A standard assumption in linear regression $Y = \beta_0 + \beta_1 x + Z$ is $\mathbb{E}\left[Z \vert X\right] = 0$ and $\mathbb{V}\left[Z \vert X\right] = \sigma^2$. When the latter is violated--that is, variance is non-constant across $x^{\left(i\right)}$, noise is heteroscedastic, and OLS is no longer the best linear unbiased estimator.

In the final part of this project, we will study the impact of heteroscedastic errors and a possible approach for rectifying it with weighted least squares. For this exercise, we use the synthetic dataset in **wls_data.csv** in the data directory.

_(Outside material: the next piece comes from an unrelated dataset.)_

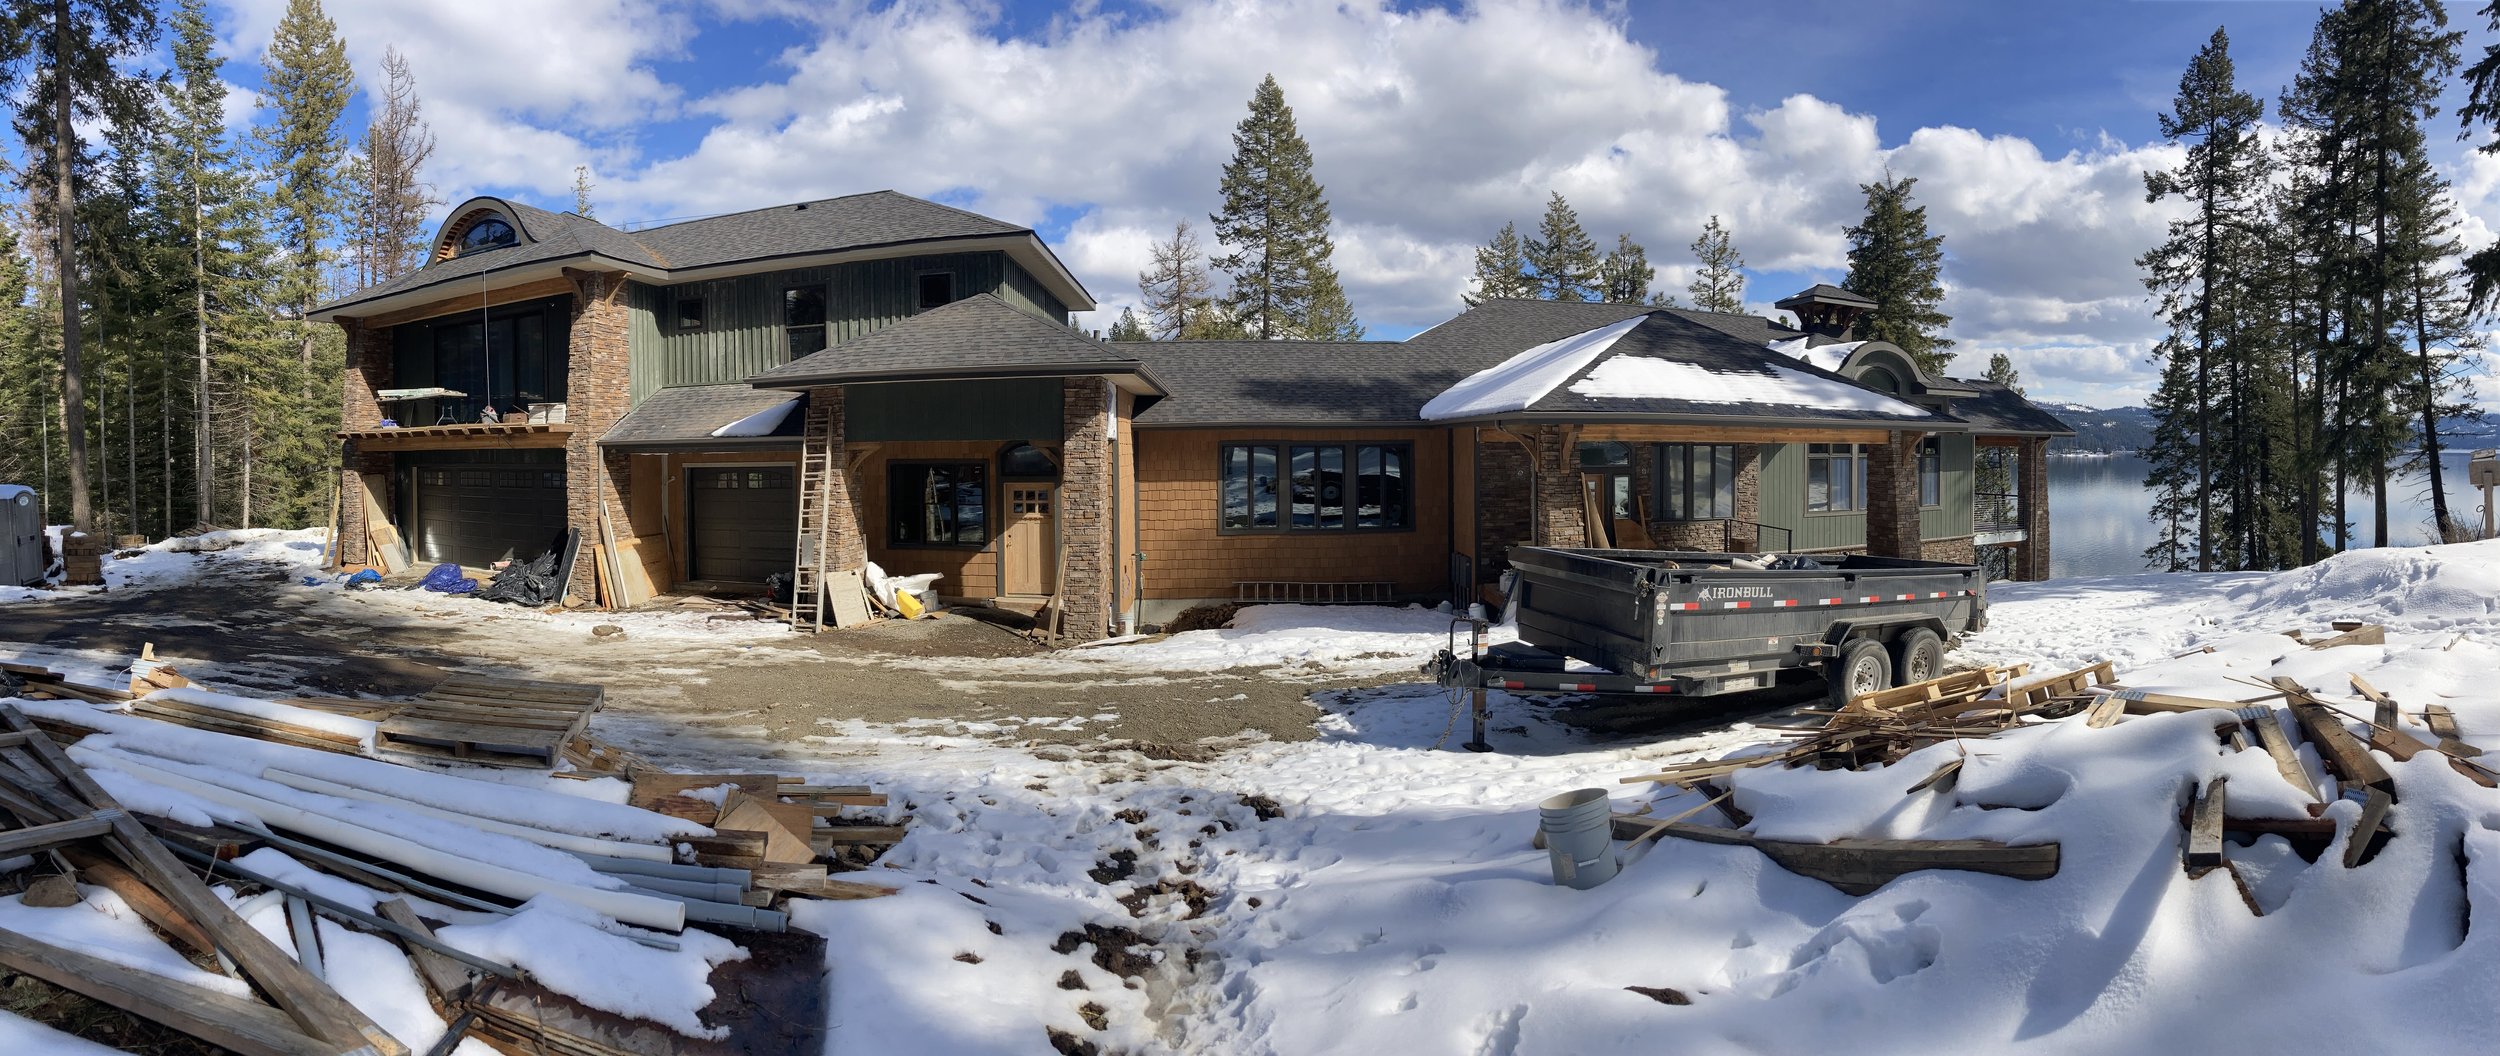 NORTH-GARDEN-LODGE-UPDATE-where-we-are-today

The data file contains two observed variables: 'x' and 'y'.

We will still assume $Z^{\left(i\right)}$ are independent, follow a Normal distribution, and $\mathbb{E}\left[Z \vert X\right] = 0$. However, we will not assume the errors are homoscedastic.

In [None]:
# Import the necessary libraries
%matplotlib inline

from matplotlib import pyplot as plt
import numpy as np
import statsmodels.api as sm
from scipy import stats
import pandas as pd

plt.rc('font', size = 14)

In [None]:
# read the data
filen = 'data/wls_data.csv'
data = pd.read_csv(filen)
x = data['x'].values
y = data['y'].values
N = len(x)

# 1. OLS Regression
We will first build an OLS regression model. Note that we expect the estimated coefficients, $\hat{\beta_0}, \hat{\beta_1}$, to be unbiased estimators of $\beta_0, \beta_1$, due to the assumed properties of the errors. However, note that we have <b>not</b> assumed homoskedasticity (constant variance) of noise terms.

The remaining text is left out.